***** EXERCISE DATA

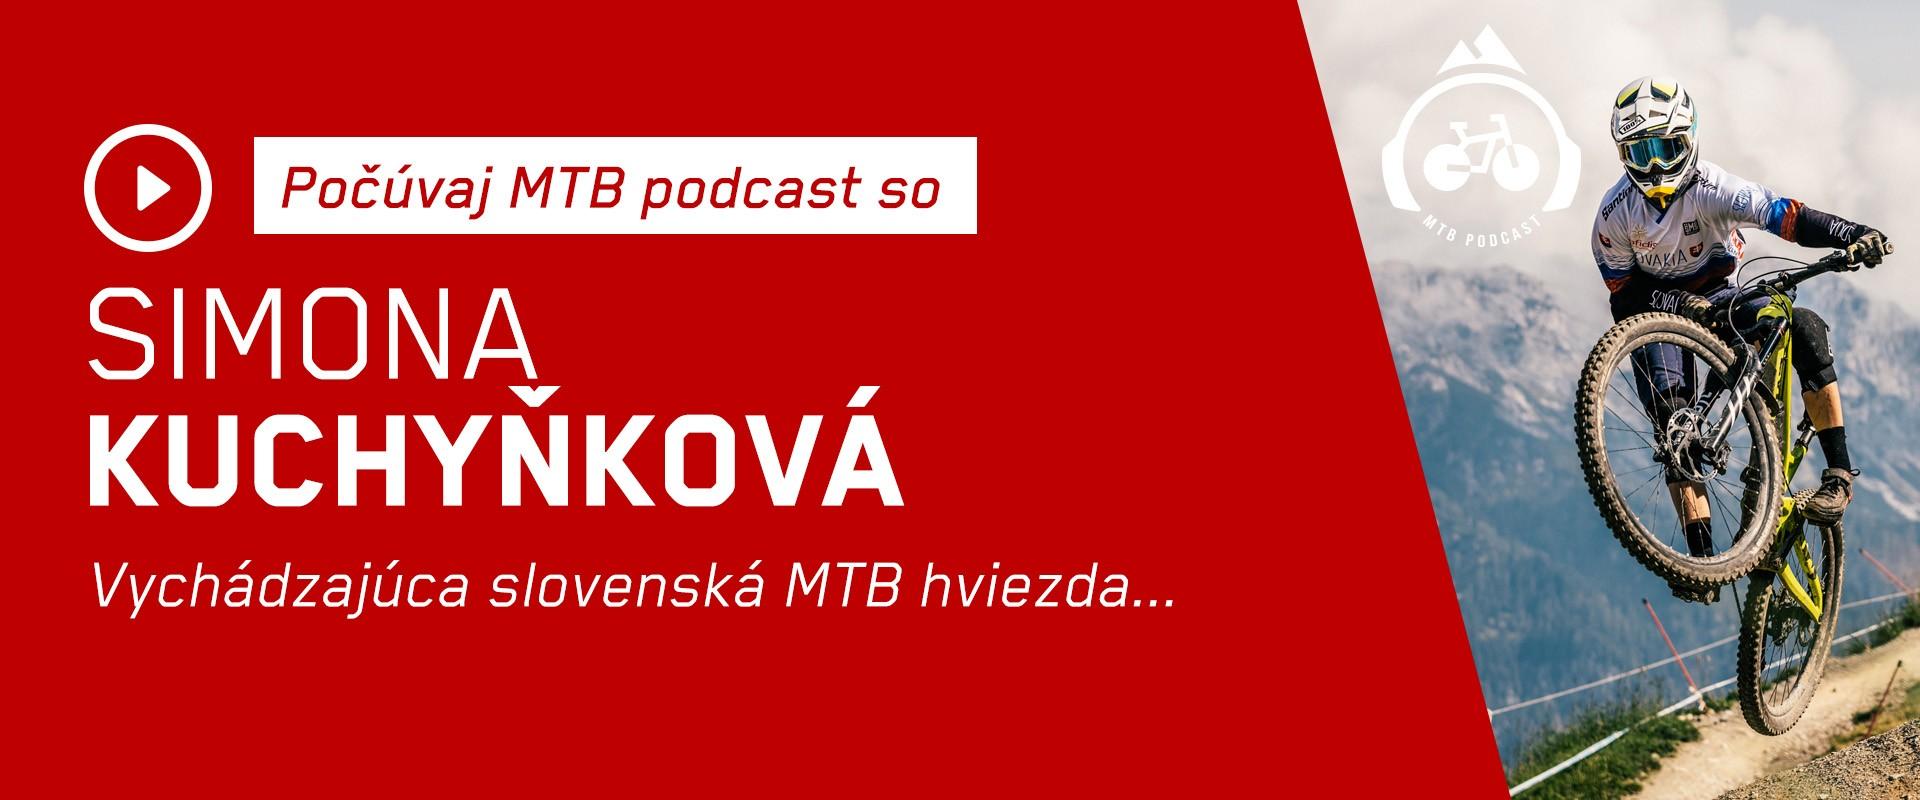 MTB PODCAST #5 SO SIMONOU KUCHYŇKOVOU - vychádzajúca slovenská MTB hviezda
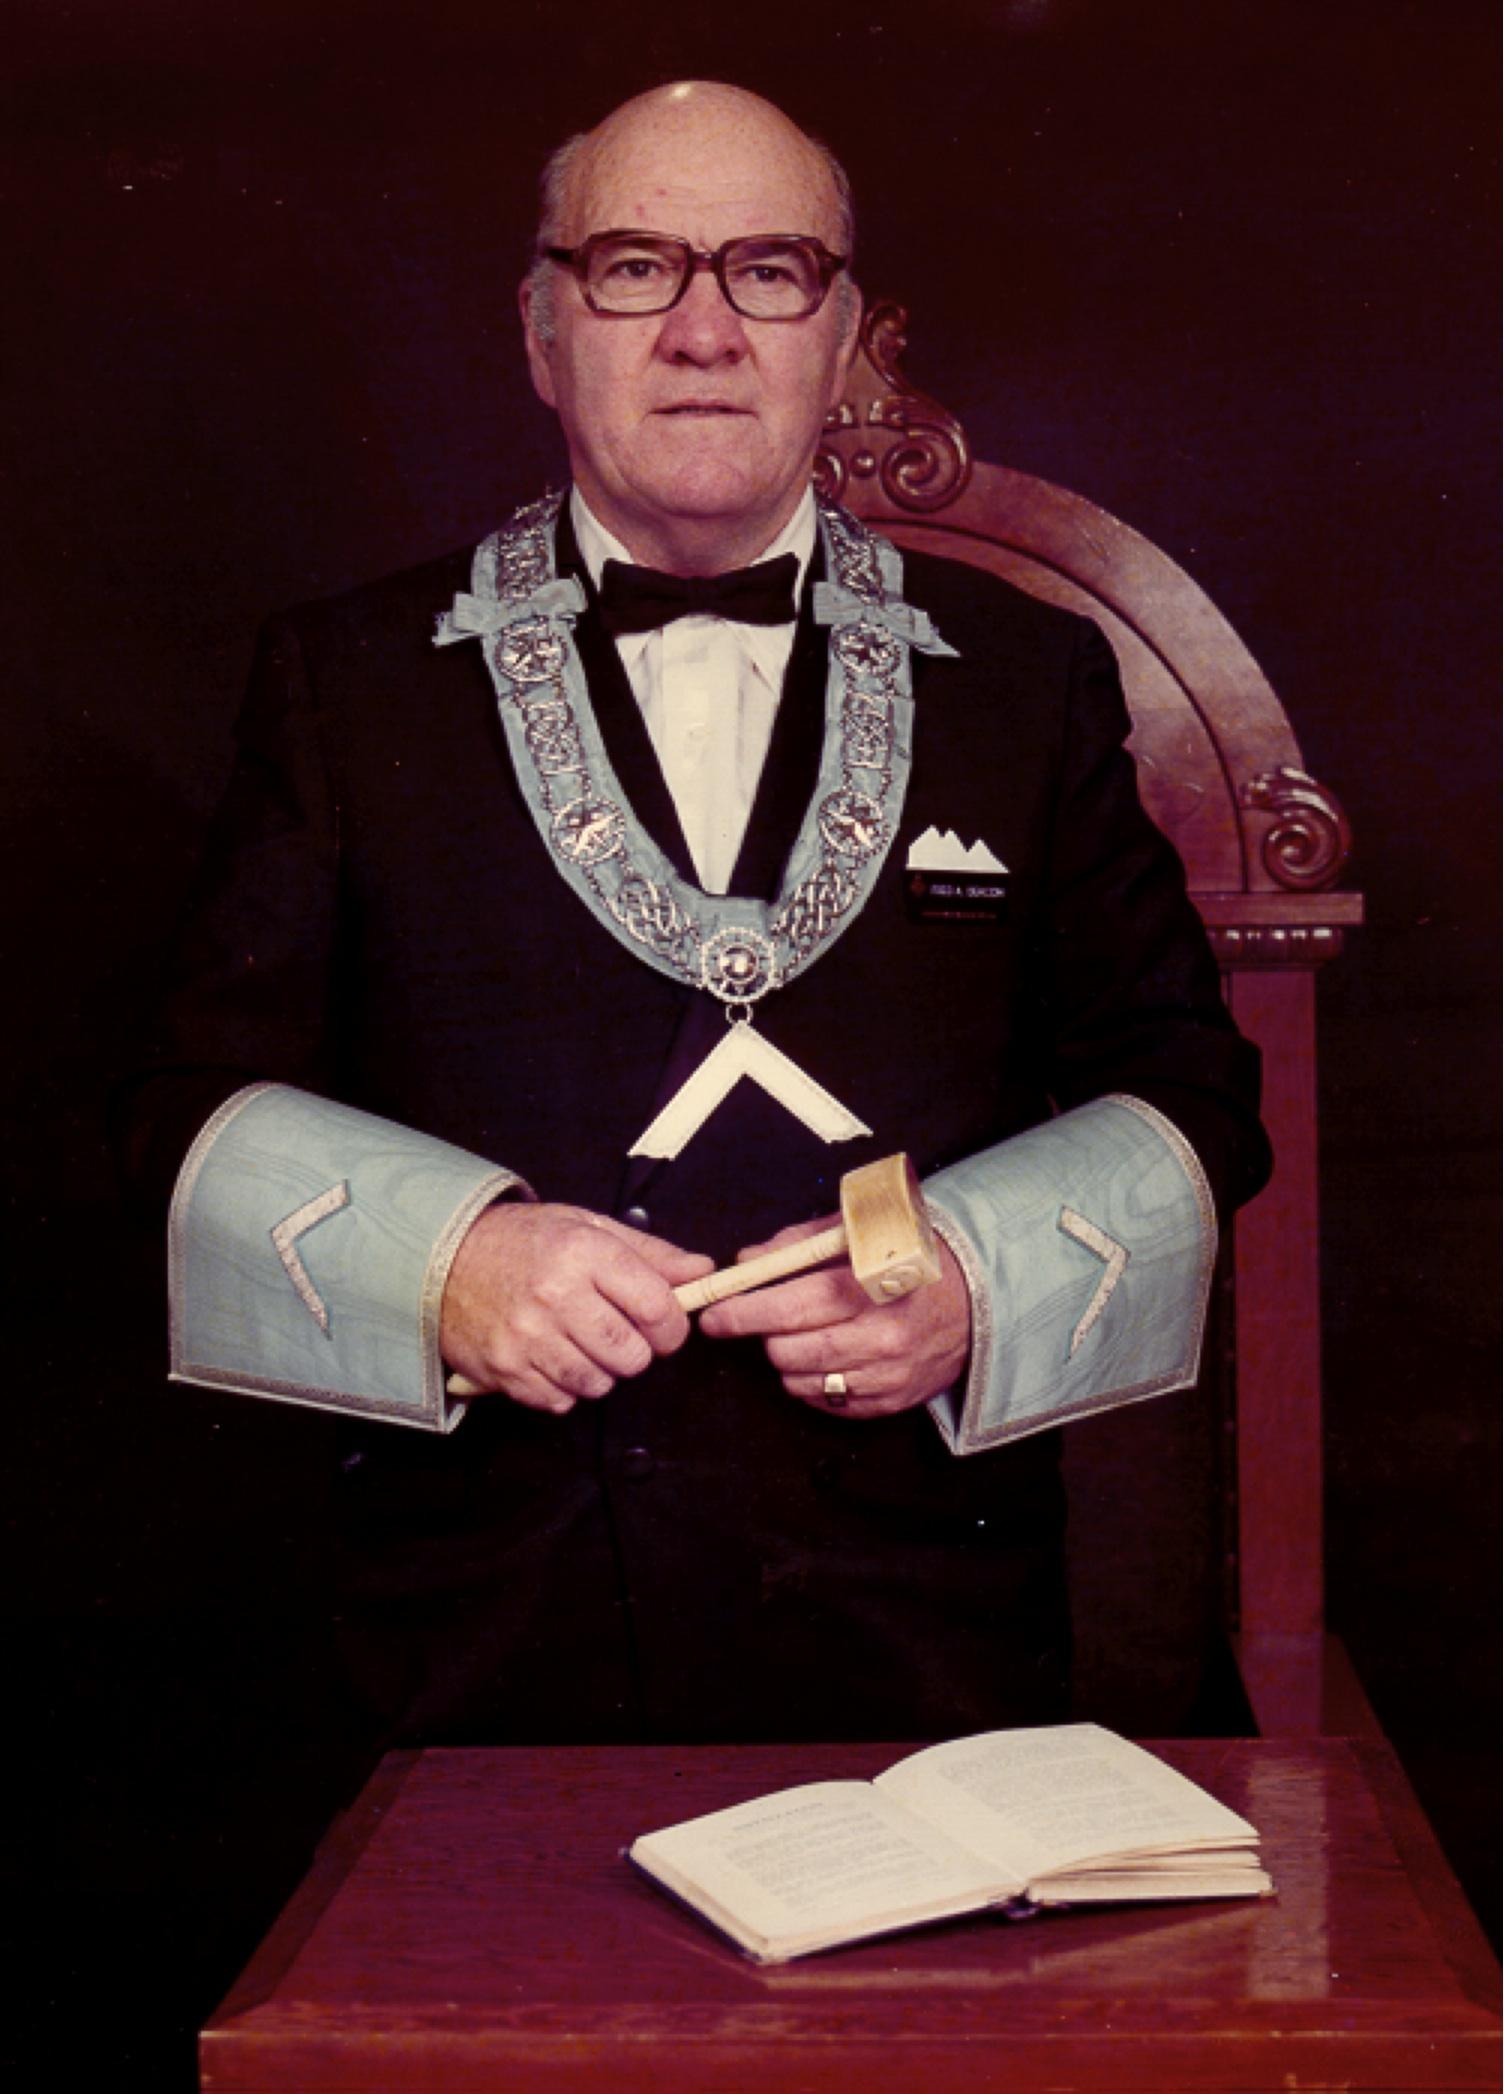 Fredrick A. Deacon 1990 - 91
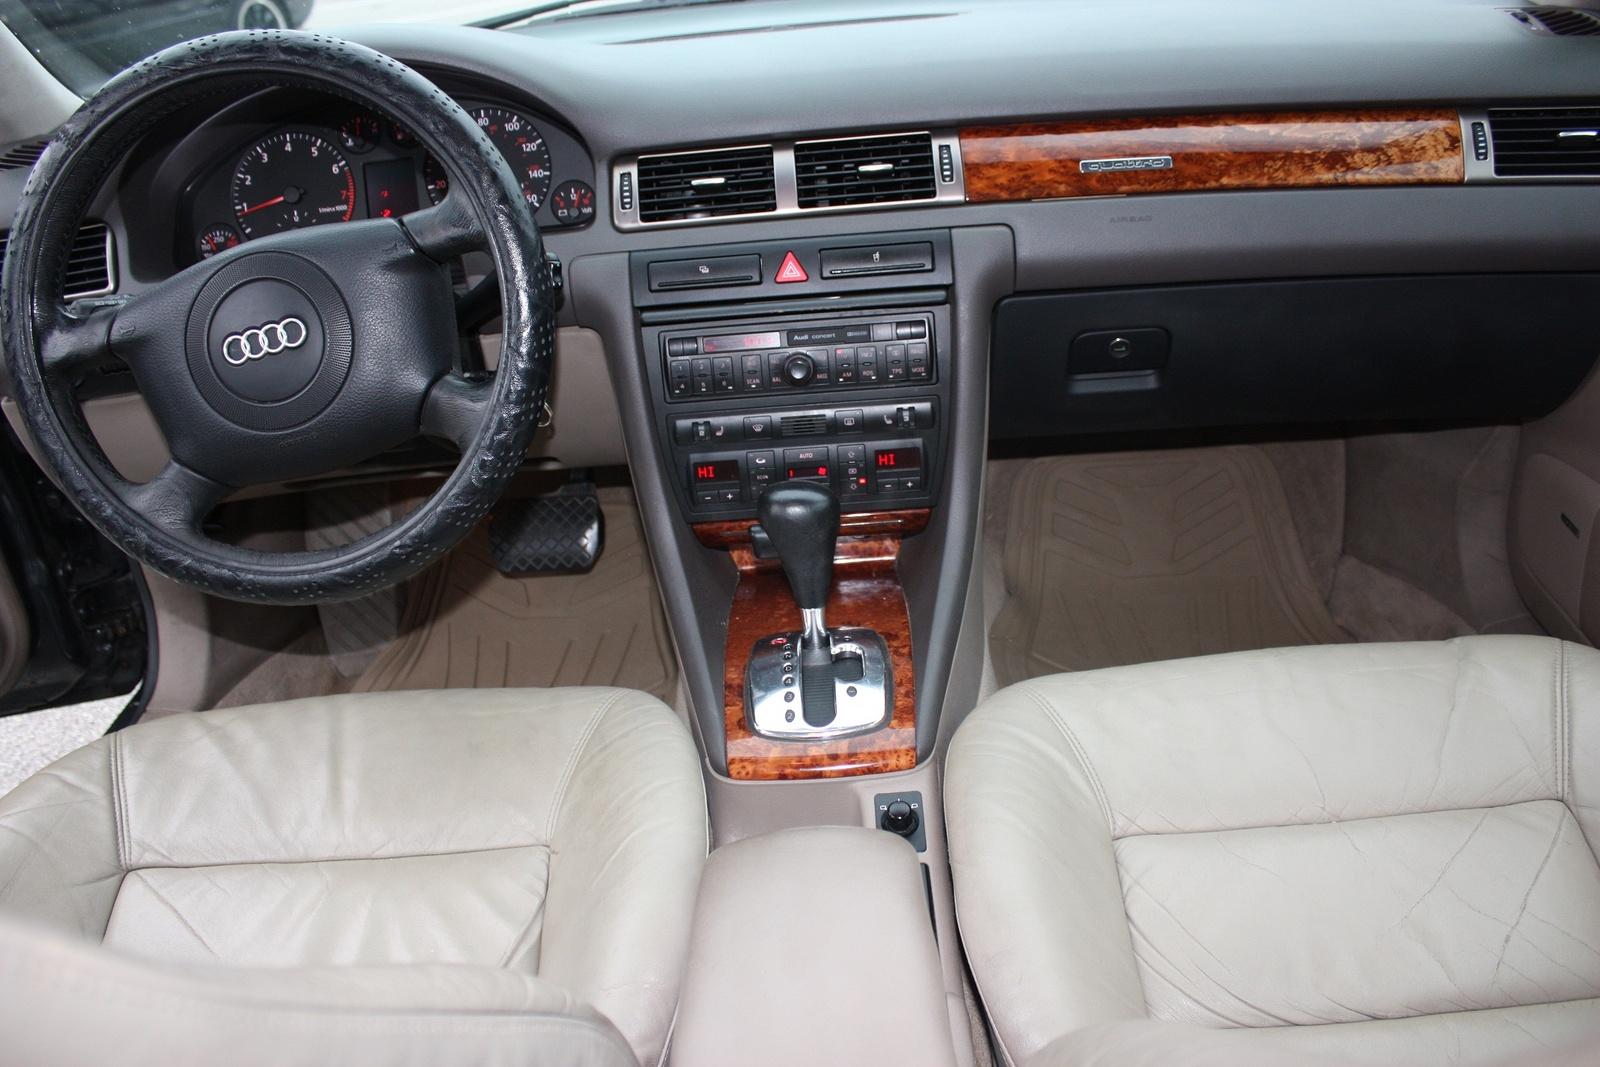 1999 Audi A6 Pictures Cargurus

**********

* _YOUR OBJECTIVE_: Reproduce everything above exactly, images excluded.

* _EXERCISE ANSWER_:
 MTB PODCAST #5 SO SIMONOU KUCHYŇKOVOU - vychádzajúca slovenská MTB hviezda
 Fredrick A. Deacon 1990 - 91
 1999 Audi A6 Pictures Cargurus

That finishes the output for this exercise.